6. I read cookbooks like novels. I can settle down for the night with a cook book and read until I fall asleep. I actually thought about going to culinary school at one time.


7. I use to help a friend of mine "show" sheep at the State Fair when I was in my late teens. This task involved washing the sheep (with shampoo for curly hair) and carrying them (because they would roll around in the dirt if we didn't) back to the pen for clipping. Nothing smells better than a wet sheep!

8. I crack my "knuckles" and it drives my husband insane. Once I crack one I have to crack them all and G gets so annoyed with me. Hehehehehehe!

Now I get to tag 8 people: This was hard because I know a lot of my fellow blogger have already been tagged and there are so many to choose from.
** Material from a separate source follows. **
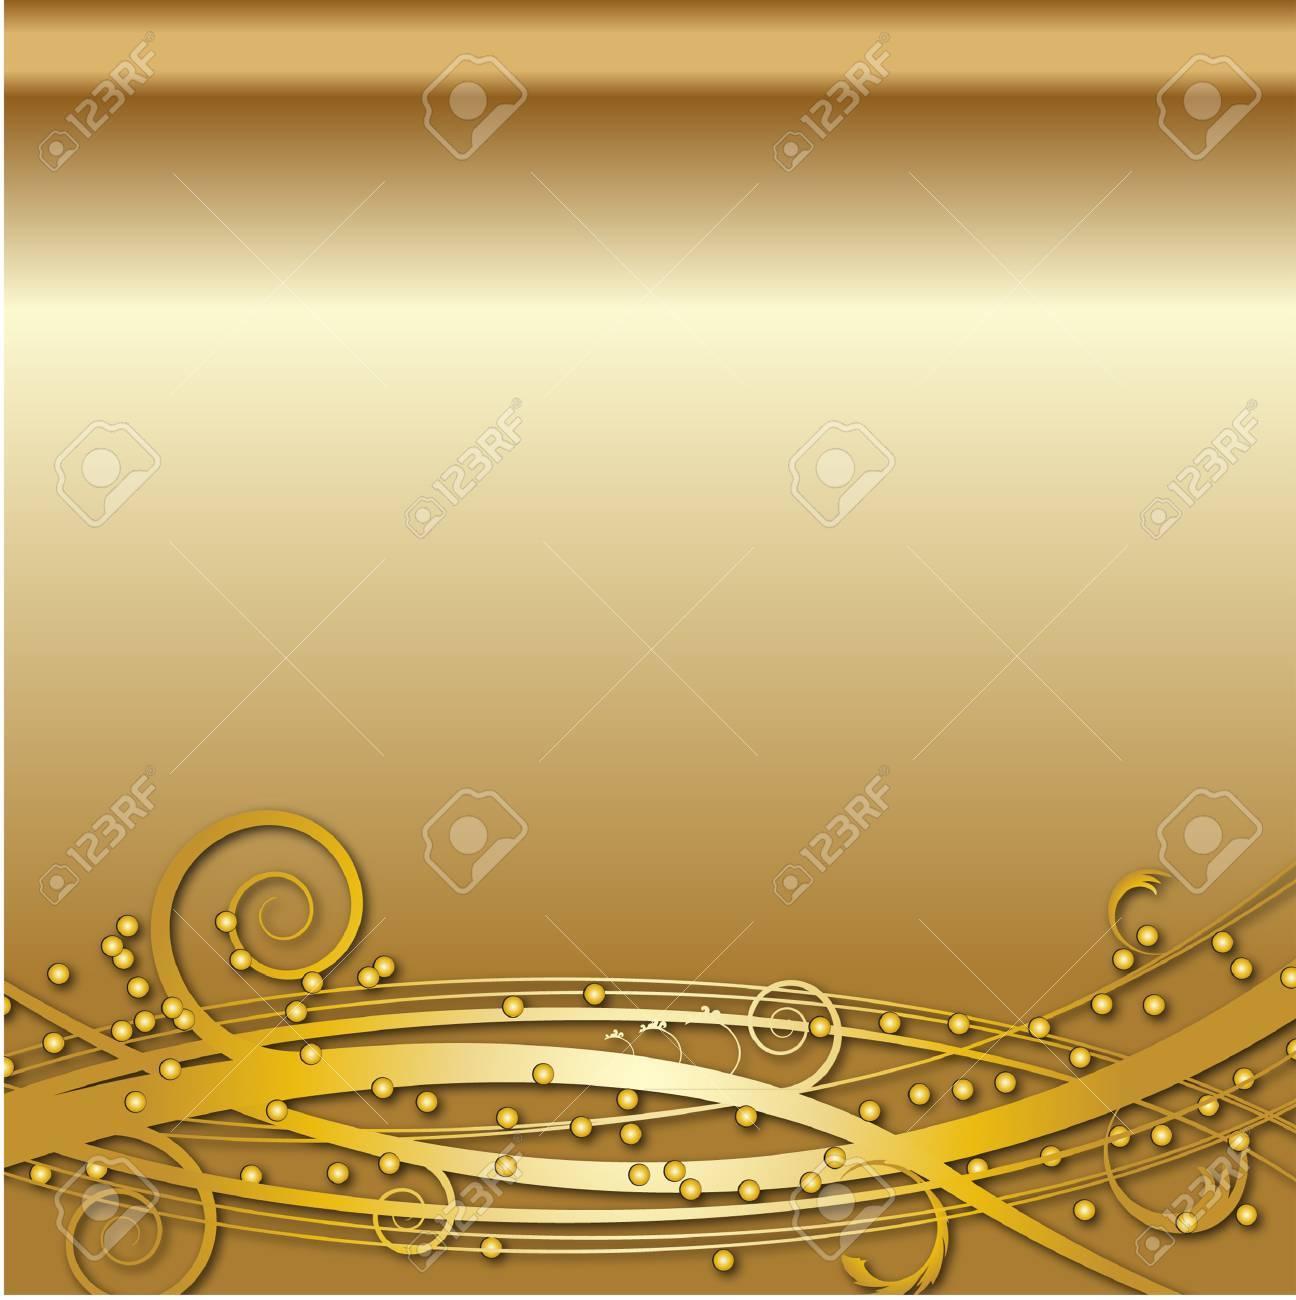 GOLD SWIRL BACKGROUND - 35862179

1. Kara at You Can't Reason with Crazy

2. Lost in the Sauce at The Three Fruits

3. Meg at Simply Nutmeg

4. Chelle at Crazy Thoughts

5. Awesome Mom at Adventures of an Awesome Mother

6. Angela at My Daily Struggle

7. Shauna at Pass The Chocolate

8. Jen at Get In The Car!


Thursday, July 5, 2007

Launching Torpedo’s


Up until now all of Bubbie's baths have been pretty uneventful. Splashing, playing and drinking soapy water was the extent of them.

Just two days ago my father made a comment about babies and baths. Something about "Launching Torpedo's", it took me a minute or two but I realized he was talking about POOP!

Well, he must of had a talk with Bubbie about this. Yesterday I was giving him a nice long bath, were I was letting him play for a while before I got the soap out. Just as I was reaching for the baby wash this large brown "torpedo" came whizzing by. I wasn't sure what I was looking at. Then I realized there were numerous "torpedo's" just floating around.

I had to get him out, fish out the "torpedo's", clean all the toys and refill the tub. He sat on the floor of the bathroom just giggling away. I scrubbed him really good, I was afraid I might miss a spot were poop could have touched.

Let's just say he was the cleanest he has ever been after all that.

You know for sure your a Mom when you are fishing Poop out of a tub and not in the least grossed out.

Monday, July 2, 2007

Rockin' Girl Blogger

The very awesome, generous and funny lady over at Simply Nutmeg bestowed the following award upon me recently:



First of all this is my first award. I would like to thank my husband for his kind support (as you all know he is a saint "You have got to be kidding me "). I also like to thank Bubbie, without him I would not have much to blog about, he fills my life with joy and wonder (I wonder a lot lately) on a daily basis.

Most of all I would like to thank all my fellow Mommy Bloggers in my wonderful Blogosphere. I really enjoy reading about your adventures. I feel like I am not the only one having fun or struggling to survive.

Now I get to tag 5 awesome Rockin Girl Bloggers: Of course Simply Nutmeg totally rocks, and here are five more.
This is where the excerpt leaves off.